THE MAGIS IN THE LIFE OF ST. IGNATIUS
The word “Magis” which is a major term in the spirituality of St. Ignatius has often been rendered “More”. It is in fact the adverbial form of the adjective “maior,” and can be translated “to a greater extent” or “more nearly” in addition to “the more.”
In the life of Ignatius, however the “Magis” was more than a word or a term, it was an attitude. Ignatius possessed this attitude even before his conversion from knight for king, to knight for God. He always wanted to do better; to do more. He was never content with the status quo, with the tried and tested. For him mediocrity was never an option. He was constantly looking for ways and means to impress his king and win the queen of his heart. This attitude showed itself in his bravery, daring and courage both in battle and at other times. The “Magis” at this time and even in the initial years after his “conversion” was about DOING MORE. After his “conversion”, however, it was about “doing more” for God the heavenly king. He believed that if the saints before him could do so much for God, he too could do it as well and even better. Thus he was constantly searching for newer, better and more challenging ways of doing things. This desire to do more, sometimes led to extremes. Thus he would undergo rigorous fasts and punish his body in the hope that he could bring it under control. He would undertake night vigils and spend long hours in prayer in the hope that he would be considered as one who had gone beyond; who had done more.

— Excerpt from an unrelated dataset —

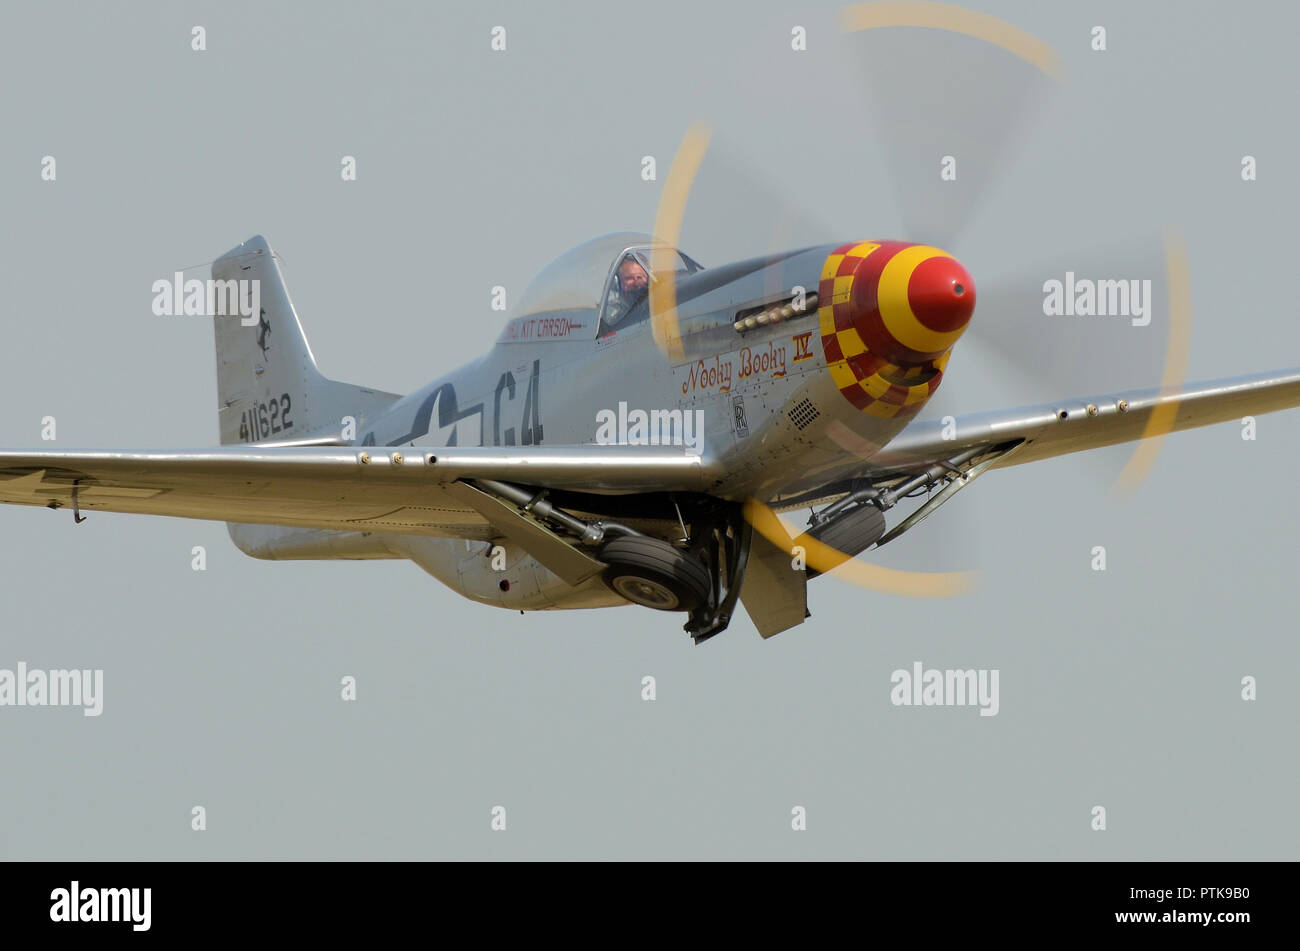 L'aereo da combattimento North American P-51D Mustang di nome Nooky Booky IV decolla per essere esposto ad un airshow. Ripiegamento delle ruote del sottocarro Foto Stock

Even as he “did” these things for God a transformation was taking place and indeed took place definitively on the banks of the river Cardoner. This experience is arguably the most significant of Ignatius’ life. He did not describe what actually happened except to say that he received from God at that moment such clarity that it lasted with him for the rest of his life. All that he had “done” in the past, all that he wanted to “do” in the future for God seemed now so insignificant, temporary and passing. Now all that mattered to him was “to be”. After this experience, Ignatius became a different man. If before the experience his focus was on action alone, now it was on “being”. He began to see things with other eyes than those he had. He now began to see with the eyes of his heart. This was for Ignatius the point of departure from his past orientation to a newer and better orientation. Since the experience that he had was not an end in itself, Ignatius wanted to share it with others. He did so in the Spiritual exercises and especially at the start of the Second Week where he states: "I will ask for an intimate knowledge of Our Lord, who has become man for me, that I may love Him more and follow Him more closely." (Sp Ex 104). This means that for Ignatius, the “Magis” now became not so much “doing” as “being”. The focus was now a relationship with Christ and a deepening and intensifying of that relationship.
It is in this context that the Ignatian notion of “indifference” must be read, understood and interpreted. Indifference in Ignatian spirituality does not mean an attitude of callousness, insensitivity or inconsiderateness. It means exactly the opposite. It means sensitivity, considerateness and concern. It means that precisely because one is so concerned and involved, one possesses a sense of detachment to such an extent that one will not desire what one wants but always and every time what God wants. God’s will, becomes the norm and guiding light. Thus, one will choose and opt for poverty rather than riches, dishonour rather than honour and humility rather than arrogance and pride only because this fits in with God’s plan. When one is to choose between two “goods”, one will choose that which one gives God greater glory.
The “Magis” is thus not so much a quality that one possesses but an attitude. It permeates all that an individual is and therefore does. The man or woman of the “Magis” is constantly driven to rediscover, redefine and reach out for the more, the newer, the better only because that is what God wants for him or her. Then the good becomes better, the better becomes better still and the better still becomes still better. The man or woman of the “Magis” is one who is bold with a holy boldness which has its roots in Jesus and in Jesus’ relationship with the Father. Everything that such a person does flows from this relationship.
In a day and in an age when a person’s worth is often measured by what he or she has or possesses, the “Magis” of Ignatius comes as a breath of fresh air. When so many are striving to “achieve” greatness by increasing their possessions and material wealth, the Magis invites and challenges us to focus not on having but “on being”. When so many are placing their trust in externals and property, the Magis invites us to realise the temporariness and passing nature of all things and that God alone is eternal and permanent. When so many have made “things” ends in themselves and are possessed by them rather than possessing them, the Magis challenges us to realise that the basic reason of our creation and existence is to praise, reverence and serve God alone. It is then that we realise the truth of the Latin phrase “Deus semper maior” which literally means “God is more”, but which really means “God is the Magis”.